The Justice Department and Federal Trade Commission are butting heads over which agency should get to enforce antitrust laws that affect the formation of accountable care organizations, the New York Times reports.
The revelation was based on letters procured by the Times and written by J. Thomas Rosch, a Republican member of the Federal Trade Commission. He sent the letters to the White House and the Centers for Medicare and Medicaid Services.
The internal debate could slow the formation of ACOs, as long as what's legal remains up in the air.
The agencies currently are writing a joint statement that will give antitrust guidance to healthcare providers creating ACOs.
Which agency ultimately polices accountable care organizations could affect how easy or hard it becomes to develop an ACO. It also could influence whether ACOs live up to their billing as organizations that manage to cut costs while improving care. Many have expressed concerns that if not properly regulated, ACOs could become monopolies that instead drive costs up.

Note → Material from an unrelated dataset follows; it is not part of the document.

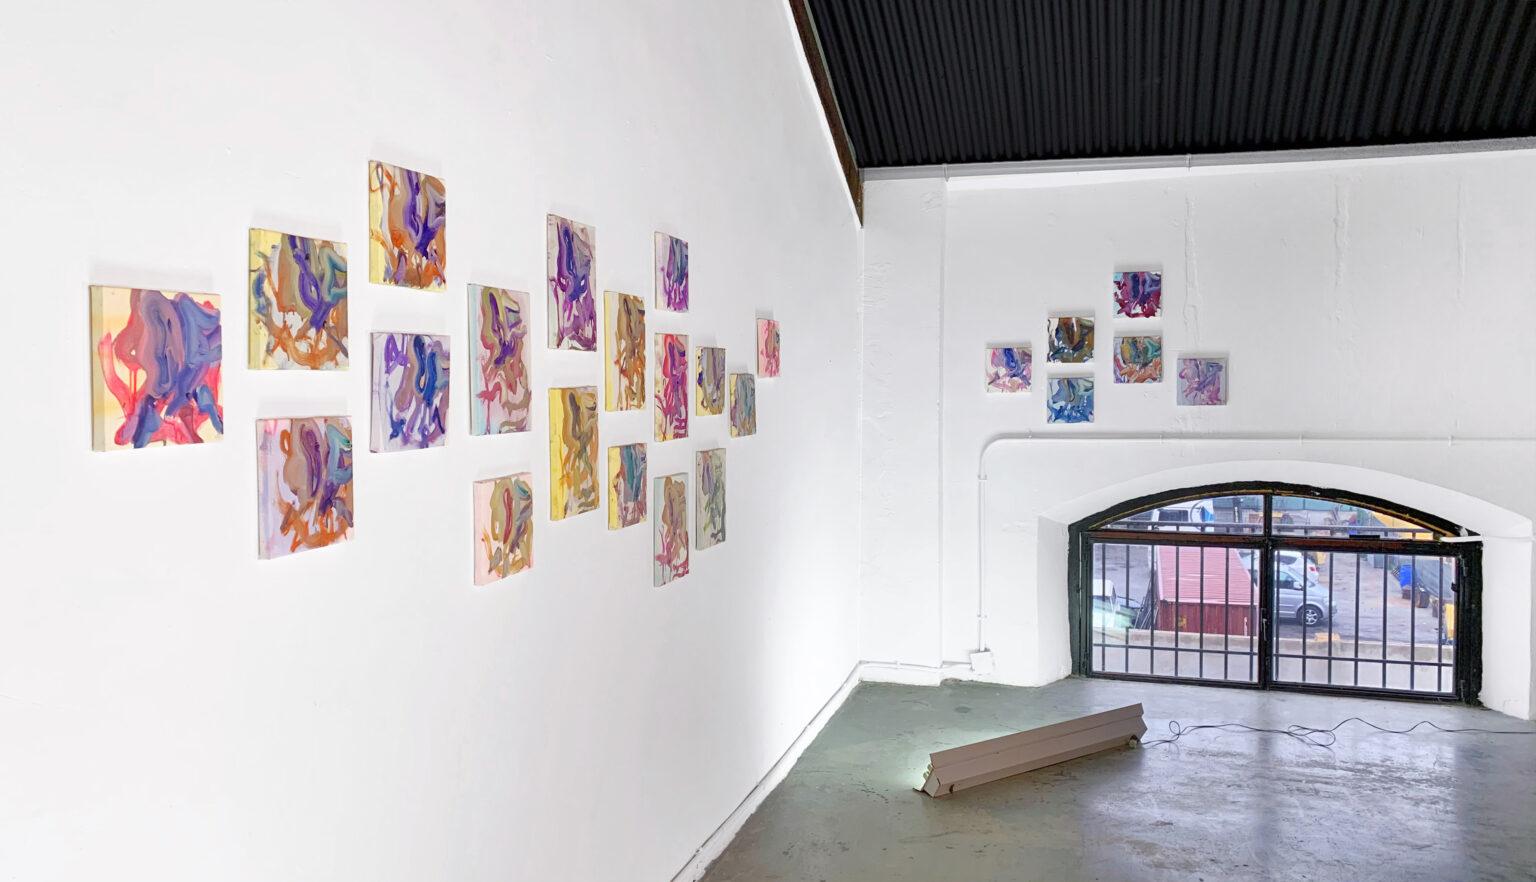 Han Bing - Suburbia Contemporary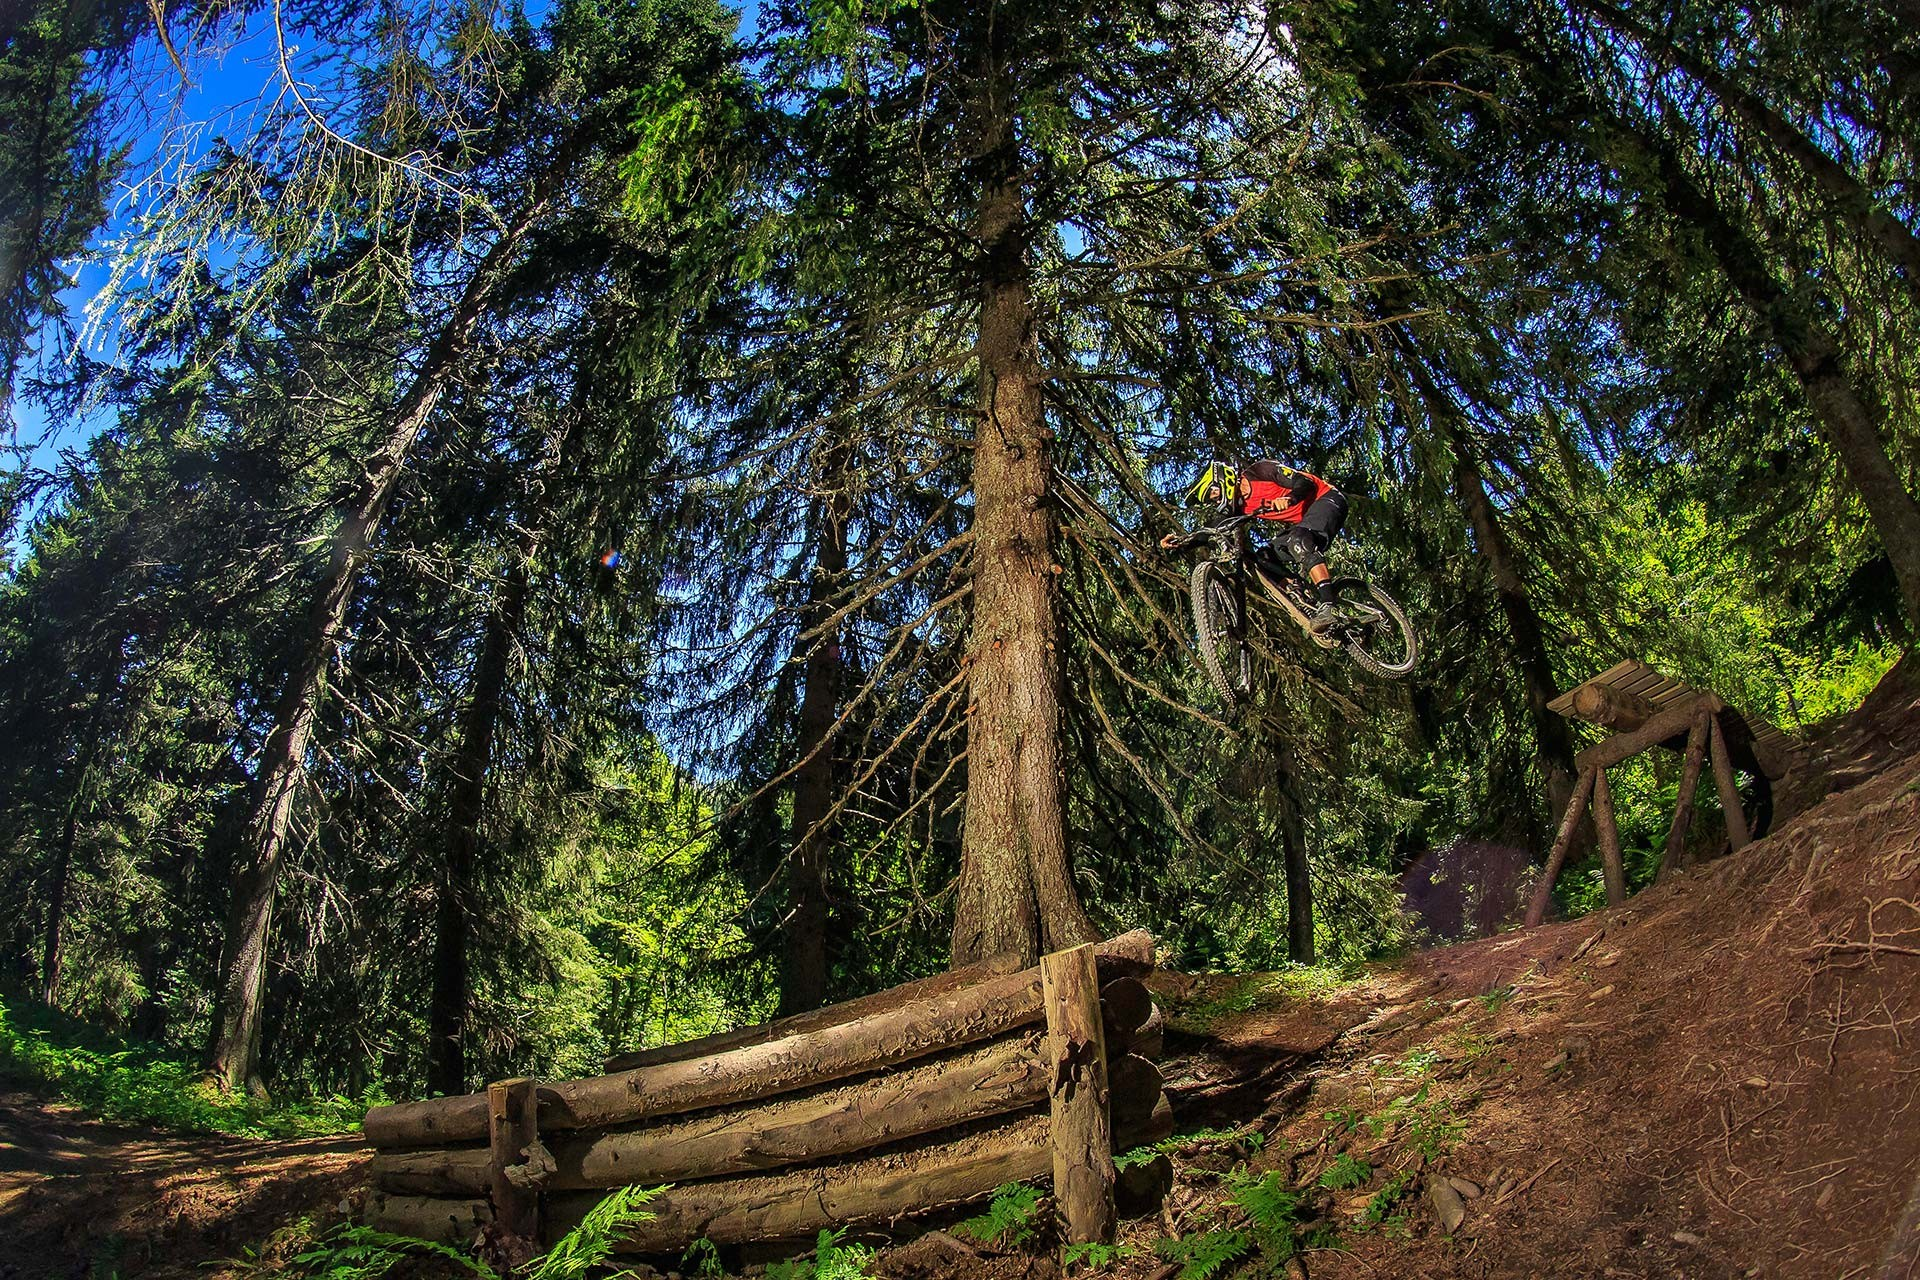 Bike Park videos

Rosch worried that allowing both the DoJ and FTC to review ACO proposals could lead to a lack of regulatory consistency, because the two agencies would apply different standards.
Hospitals officials consider the DoJ's antitrust division more sympathetic to ACO collaborations and less strict about antitrust rules than the FTC, according to the Times. Wrote Rosch: "The creation and operation of accountable care organizations potentially conflict with the antitrust laws."